Конечно, текстологическая наука справилась с этой задачей не в одиночку. В 1859 году к ней присоединилась другая часть двойного удара по христианской вере - книга Чарльза Дарвина "О происхождении видов путем естественного отбора". И, возможно, даже более важным, чем содержание самой книги, был процесс, который ускорил Дарвин. Если раньше божественный замысел объяснял все, что вызывало благоговение, то Дарвин выдвинул совершенно новое предложение: как резюмировал Ричард Докинз, "при достаточном времени неслучайное выживание наследственных образований (которые время от времени ошибаются) порождает сложность, разнообразие, красоту и иллюзию замысла, настолько убедительную, что ее почти невозможно отличить от преднамеренного разумного замысла". 4 Открытие Дарвина в то время, как и сейчас, вызывало ожесточенные споры. Но ответная реакция была обречена на провал. Состояние аргументов в пользу божественного замысла после Дарвина было не лучшим. Речь шла не о каком-то одном открытии - даже не о заполнении одного особенно большого пробела в знаниях человека. Это было просто первое оптовое объяснение мира, в котором мы живем, не нуждающееся в Боге. И хотя происхождение жизни оставалось загадкой, идея о том, что вся тайна решается с помощью религии, казалась все менее и менее правдоподобной. В Писании все еще можно было найти мудрость и смысл, но Библия в лучшем случае становилась похожа на произведения Овидия или Гомера: она содержала великую истину, но сама не была истиной.
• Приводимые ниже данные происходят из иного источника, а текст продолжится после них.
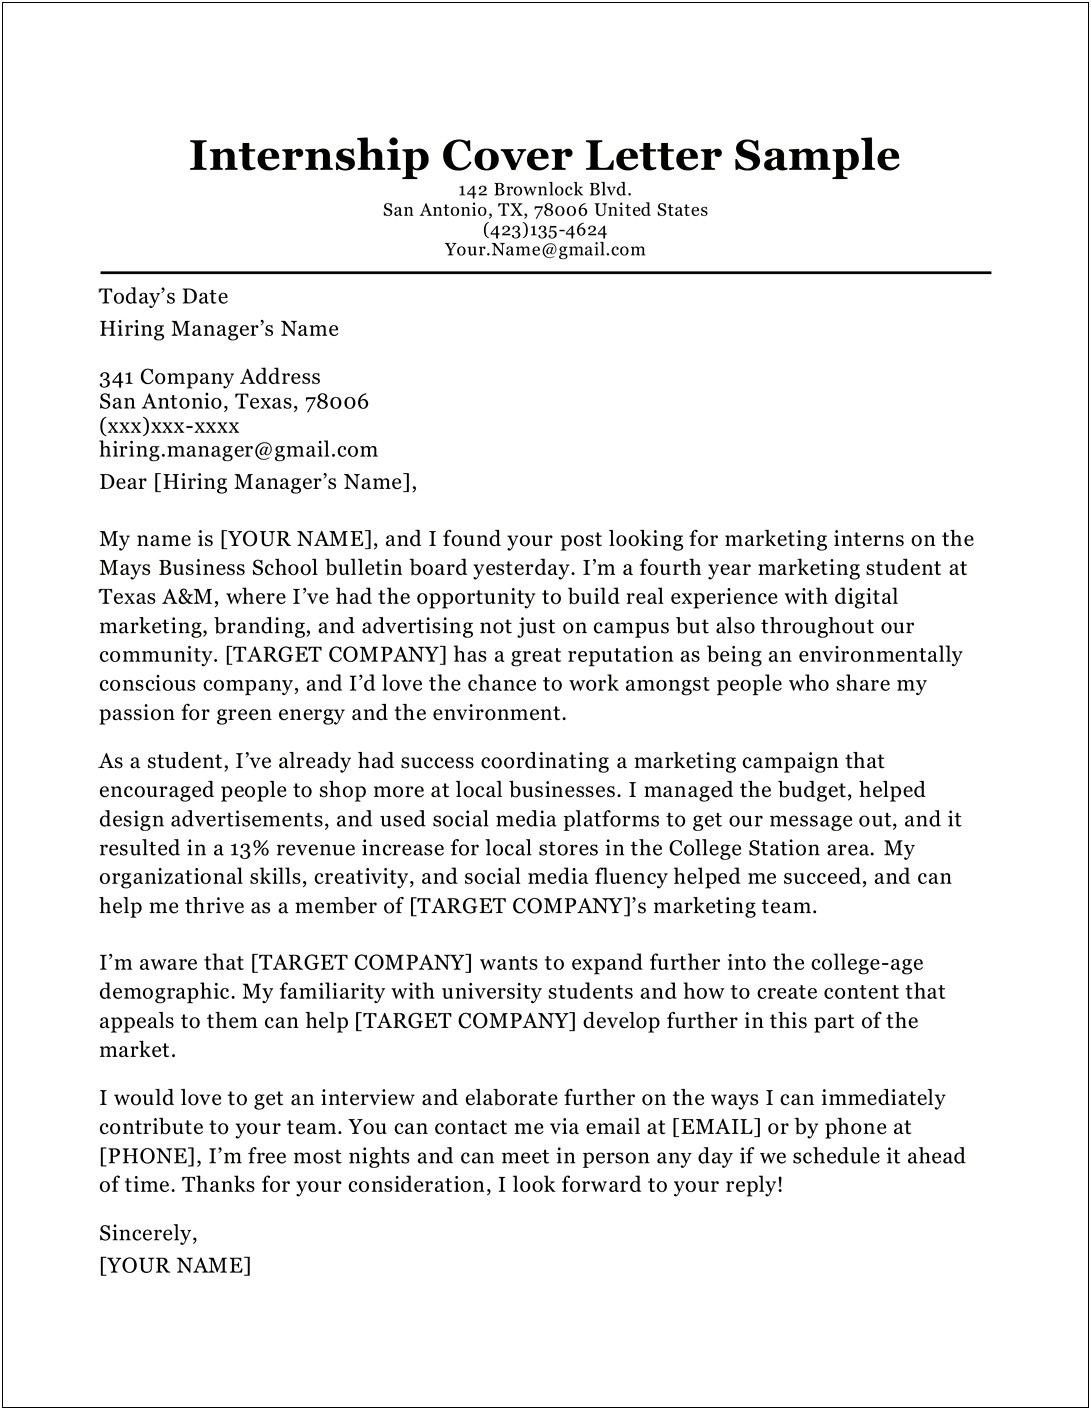 Sample Resume And Cover Letter For Internship

Несмотря на то, что почти все в Европе теперь знают об этих фактах в той или иной форме, мы до сих пор не нашли способа жить с ними. Факты потери веры и убеждений на континенте часто комментируются и воспринимаются как должное. Но последствия этого рассматриваются реже. Редко, если вообще когда-либо, признается, что описанный выше процесс означал прежде всего одно: Европа потеряла свою основополагающую историю. И потеря религии для Европы не просто оставила брешь в моральном или этическом мировоззрении континента, она даже оставила брешь в его географии. В отличие, скажем, от Соединенных Штатов, география Европы представляет собой набор городов и деревень. Покинув одну деревню, вы рано или поздно наткнетесь на другую. И в любом малозастроенном районе первое, что вы увидите, - это церковь, расположенную в самом сердце общины. Сегодня там, где эти сердца общин не полностью умерли и не превратились в жилье, они умирают, и люди, которые все еще собираются в них, чувствуют, что они находятся в умирающем движении.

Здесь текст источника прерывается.